4)  At the end of March, the Supreme Court agreed to hear an appeal from the Eighth Circuit Court of Appeals in Stoneridge Investment Partners, LLC v. Scientific-Atlanta, Inc., (No. 06-43).  That case involves a key question in private securities damage actions concerning the scope of liability.  This has been a critical issue in these cases since the Supreme Court’s 1994 decision in Central Bank, N.A. v. First Interstate Bank, N.A., 511 U.S. 164 (1994), which held that there is no aiding and abetting liability in securities fraud actions.  In Stoneridge, the question is what constitutes “scheme” liability under the antifraud provisions, Exchange Act Section 10(b) and Rule 10(b)-5 thereunder.  At stake is who can be held liable in securities class actions – only the primarily violator, such as the company involved or others who may have had some role in the challenged transaction for example accounting firms, bankers and others.  Reportedly the plaintiff’s class action bar has been heavily lobbying the SEC to take a supportive view.  The SEC has not yet taken a position in this case.  In 1995, however it obtained authority to bring cases using an aiding and abetting theory from Congress. 

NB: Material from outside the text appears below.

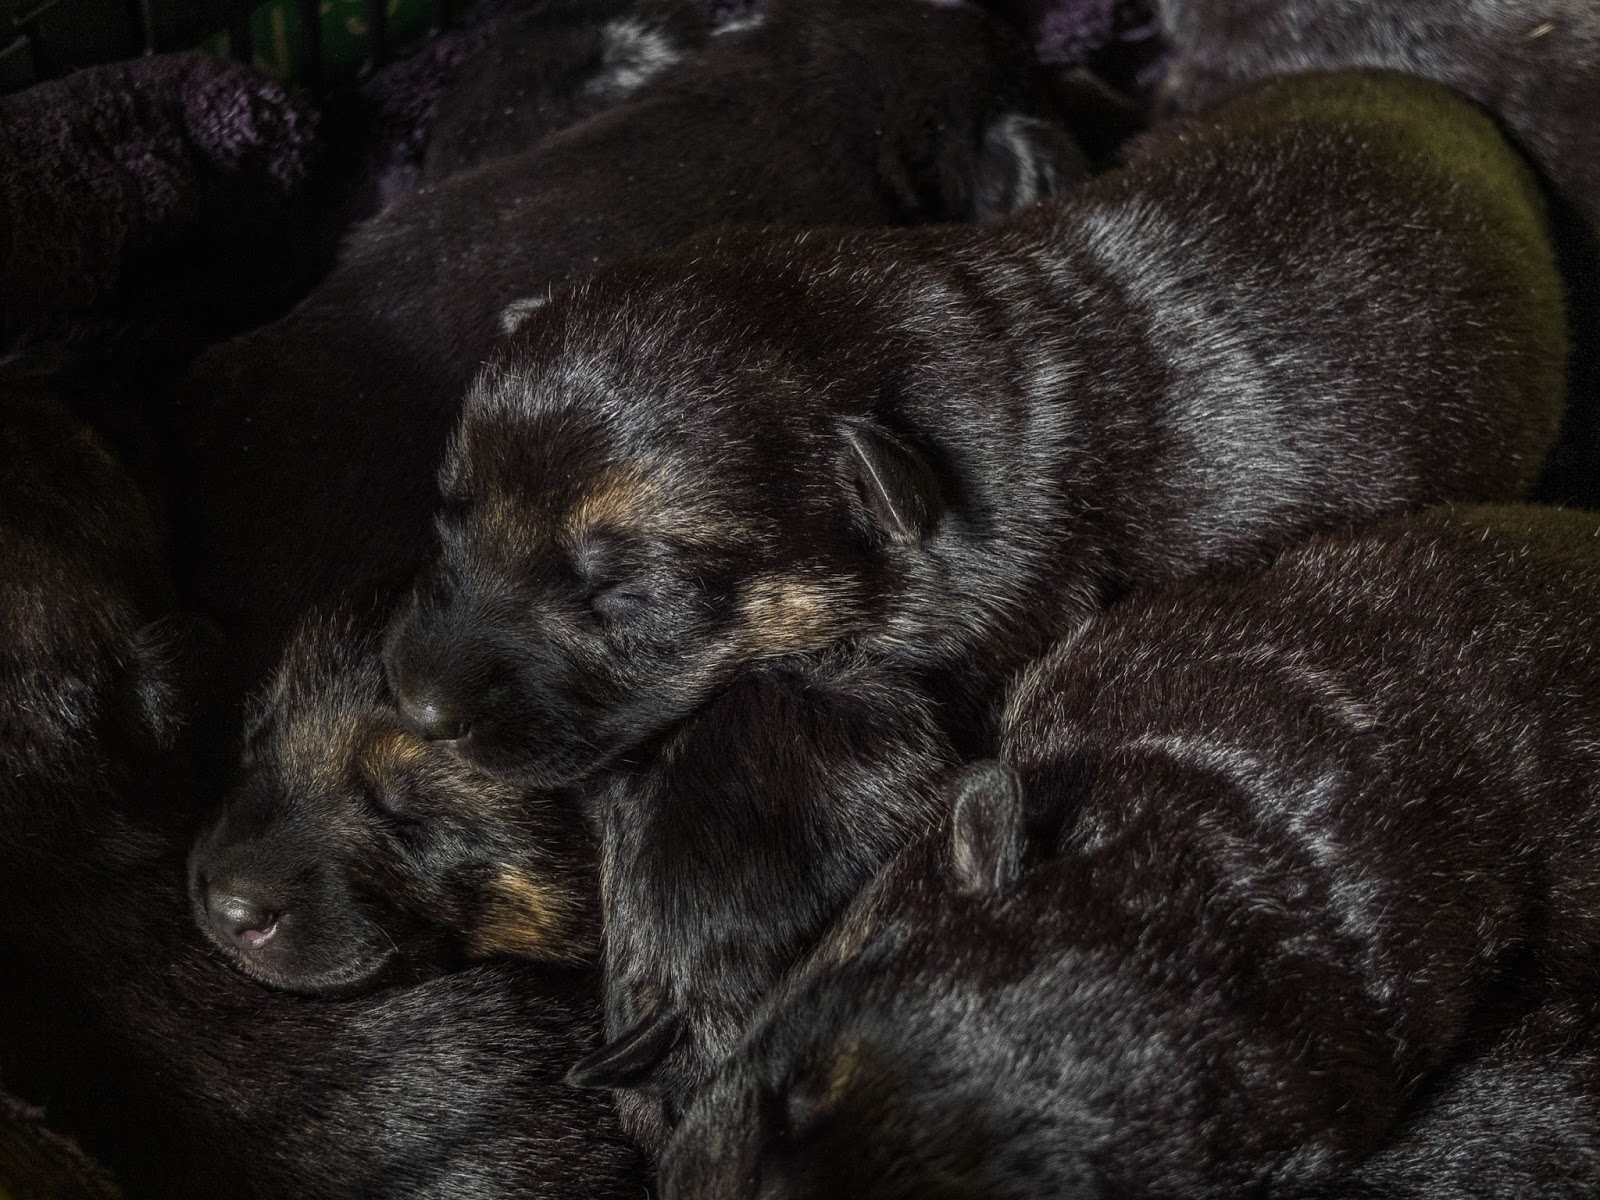 Two week old sleeping German Shepherd puppies.

5)  Reportedly the five SEC commissioners are split over the use of financial penalties against companies.  One view argues that they are a deterrent.  Another argues that they only punish shareholders who have already suffered a loss from the fraud at the company and the enforcement action brought against the firm by the SEC.  This split seems to be the moving spirit behind the new settlement procedures adopted by the agency in cases where a corporation is the potential defendant and a penalty may be imposed.  Under those new procedures the staff can no longer negotiate a settlement with a company that includes a monetary fine and submit it for Commission approval – a long used procedure.  Now the staff must first submit the case to the Commission for authority to impose a penalty and if so how much, then negotiate with the defendant and then go back to the Commission for final approval.  While Chairman Cox argued in announcing this procedure that it would speed up settlements, as we previously noted 4/19/07 that seems unlikely.  Rather, it appears to be a mechanism for the commissioners to try and coordinate their views.  In an agency that is already far to slow in most instances, these additional procedures appear to just be another impediment.  This is a change for the SEC, which will probably slow and already slow process. 

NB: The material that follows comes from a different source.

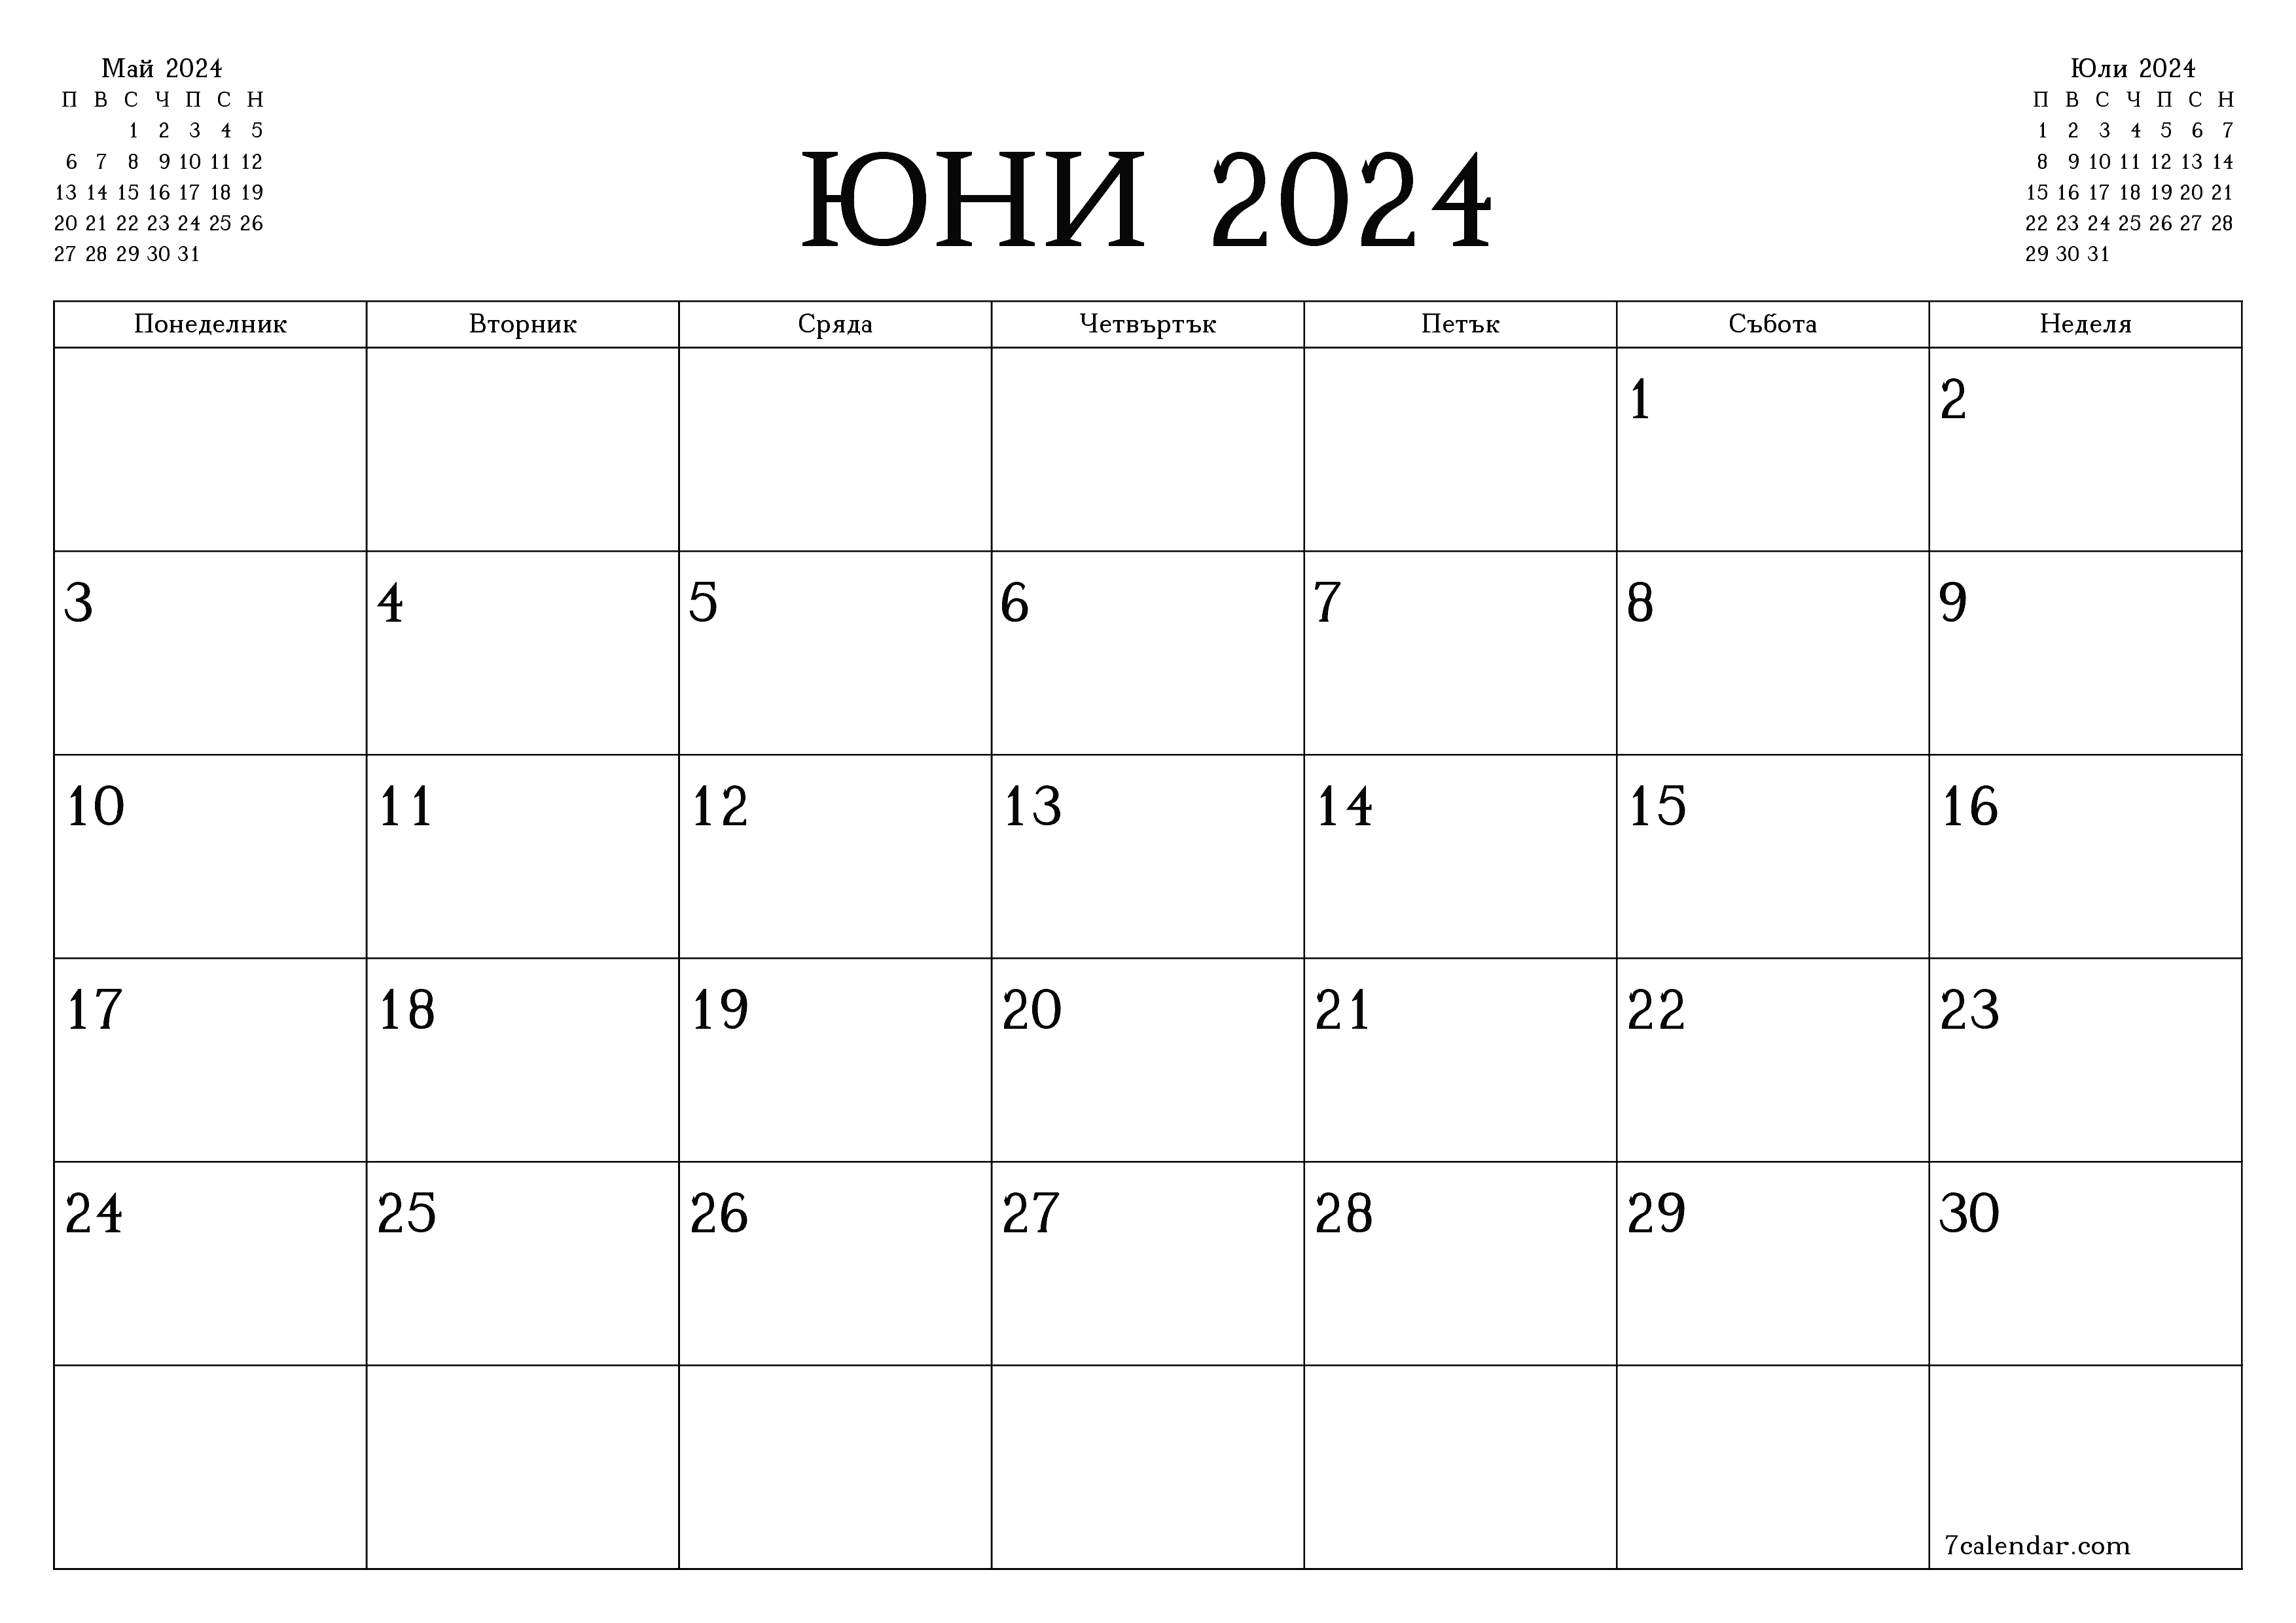 юни 2024

6)  In some instances the agency can move with extraordinary speed.  The SEC obtained an asset freeze in SEC v. Kan King Wong and Charlotte Ka On Wong Leung, 07 Civ. 3628 (SAS) (S.D.N.Y. filed May 8, 2007), just a week after the announcement of News Corp.’s bid for Dow Jones.  Viewed by any standard this suit was brought very quickly.  This is a welcome change from many of the agency’s traditional cases, which are brought years after the events involved.  

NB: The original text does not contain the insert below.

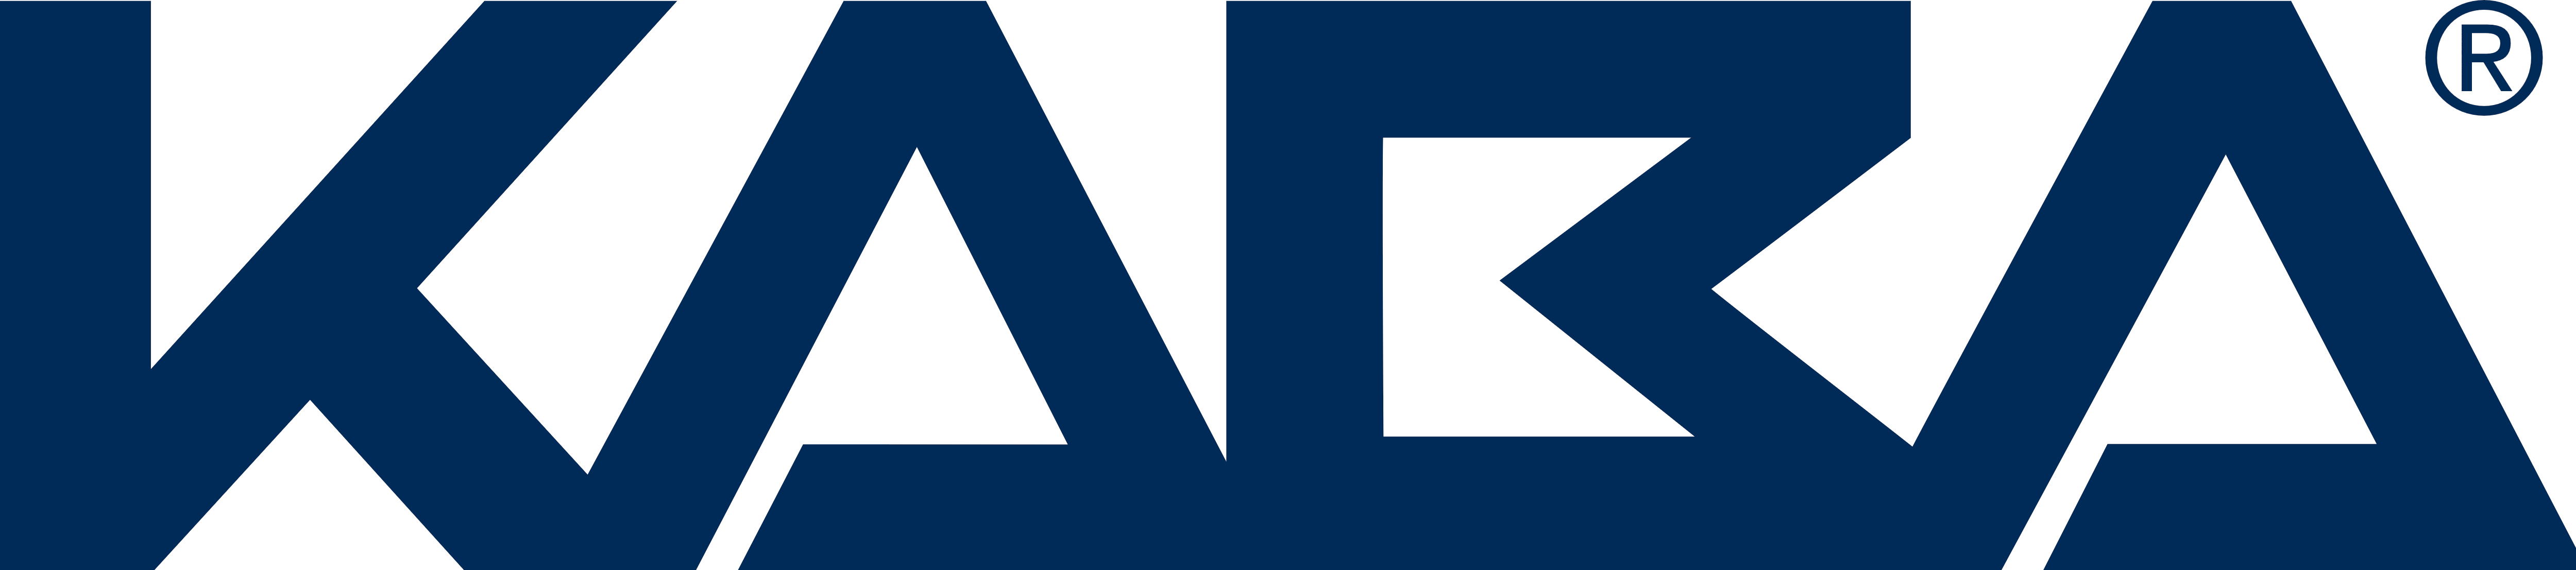 Kaba Logo - Kaba logo – Logos Download

All of this simply leaves one wondering about the SEC’s direction and the speed at which it will proceed.  In many instances the agency moves very slowly, as in the cases involving corporate penalties.  In others it is capable of swift action in certain instances when the focus is clear, such as in the recent insider trading case.  In some key instances it seems to be changing or at least considering a change in long held positions.  Is the SEC in fact changing focus or is what we are seeing a traditionally apolitical agency caught in political and philosophical cross currents?